2. **Result Type** (Error handling foundation)
    - Parser ? operator precedence
    - Type inference for Result<T, E>
    - Error propagation in transpiler

3. **Actor System** (Concurrency model)
    - Parser actor/receive syntax
    - Type system message types
    - Runtime mailbox implementation

Each phase validates against SPECIFICATION.md sections and maintains performance invariants.

## Architectural Decisions

### Why Pratt Parsing?
Operator precedence without grammar ambiguity. O(n) time, O(1) space per precedence level.

### Why Bidirectional Type Checking?
Combines inference power with predictable checking. Lambda parameters inferred from context.
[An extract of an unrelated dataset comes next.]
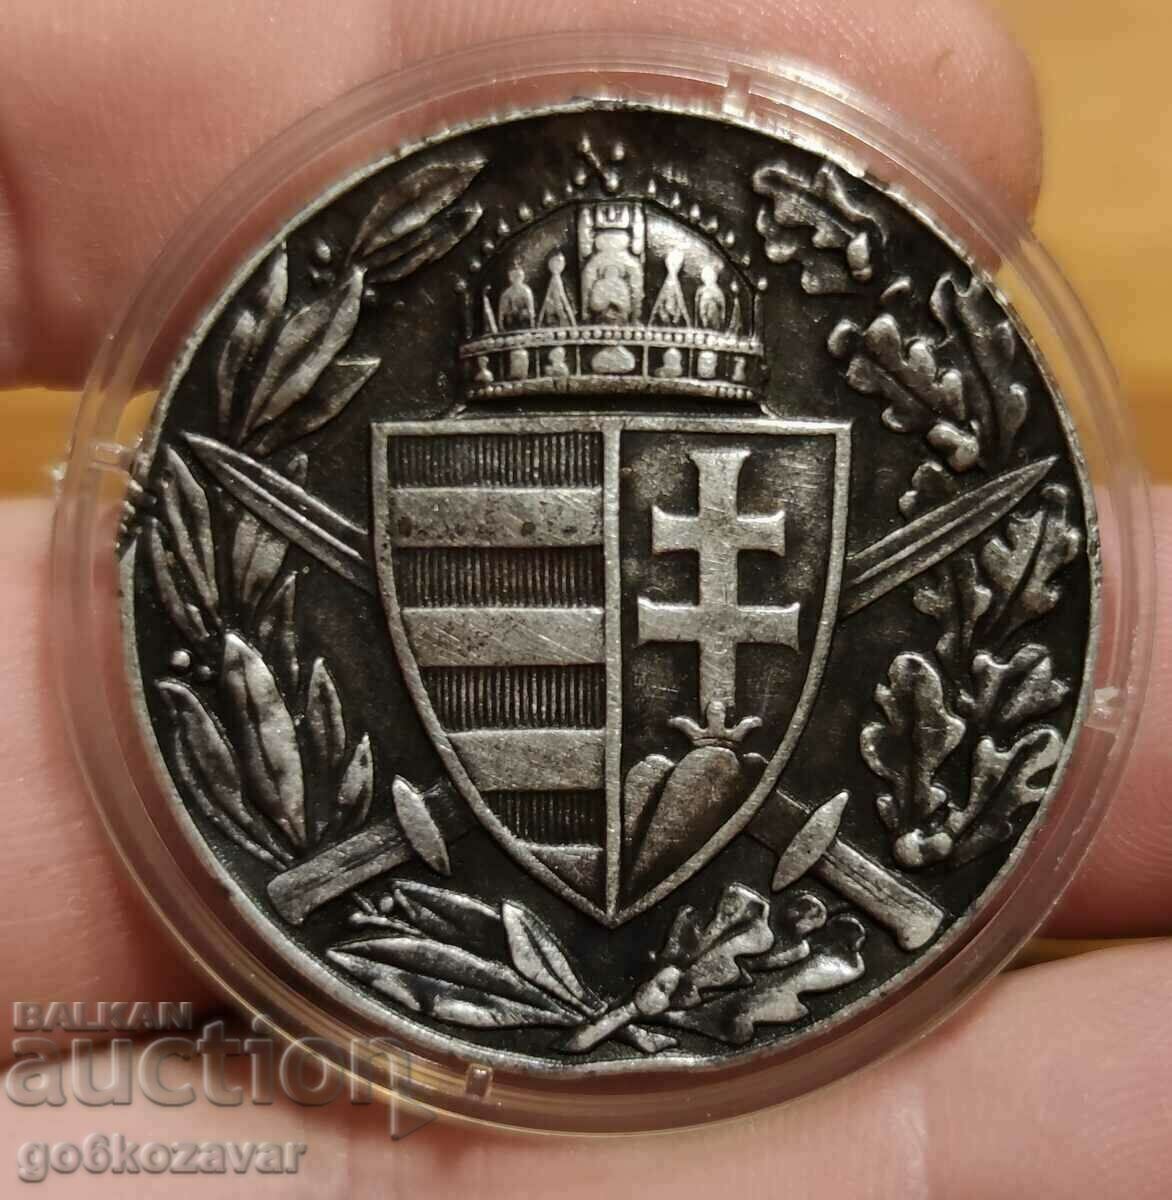 Ασημένιο μετάλλιο Αυστροουγγαρίας Α' Παγκοσμίου Πολέμου! 1914-1918 Πρωτότυπο

### Why Direct Polars Transpilation?
Zero intermediate representation. DataFrame operations compile to optimal LogicalPlan.

### Why Arena Allocation?
Bulk deallocation. No per-node overhead. Cache-friendly traversal.

## The Development Flow

```
1. LOCATE specification section
2. IDENTIFY task in execution roadmap
3. VERIFY dependencies complete
4. IMPLEMENT with <10 complexity
5. VALIDATE performance invariants
6. COMMIT with task reference
```

## Sprint Hygiene Protocol

### Pre-Sprint Cleanup (MANDATORY)
```bash
# Remove all debug binaries before starting sprint
rm -f test_* debug_* 
find . -type f -executable -not -path "./target/*" -not -path "./.git/*" -delete

# Verify no large files
find . -type f -size +100M -not -path "./target/*" -not -path "./.git/*"

# Clean build artifacts
cargo clean
```

### Post-Sprint Checklist
```bash
# 1. Remove debug artifacts
rm -f test_* debug_* *.o *.a

# 2. Update tracking
git add docs/execution/velocity.json docs/execution/roadmap.md

# 3. Verify no cruft
git status --ignored

# 4. Push with clean history
git push origin main
```

### .gitignore Requirements
Always maintain in .gitignore:
- `test_*` (debug test binaries)
- `debug_*` (debug executables) 
- `!*.rs` (except rust source files)
- `!*.toml` (except config files)

---

**Remember**: Compiler engineering is about systematic transformation, not clever hacks. Every abstraction must have zero runtime cost. Every error must be actionable. Every line of code must justify its complexity budget.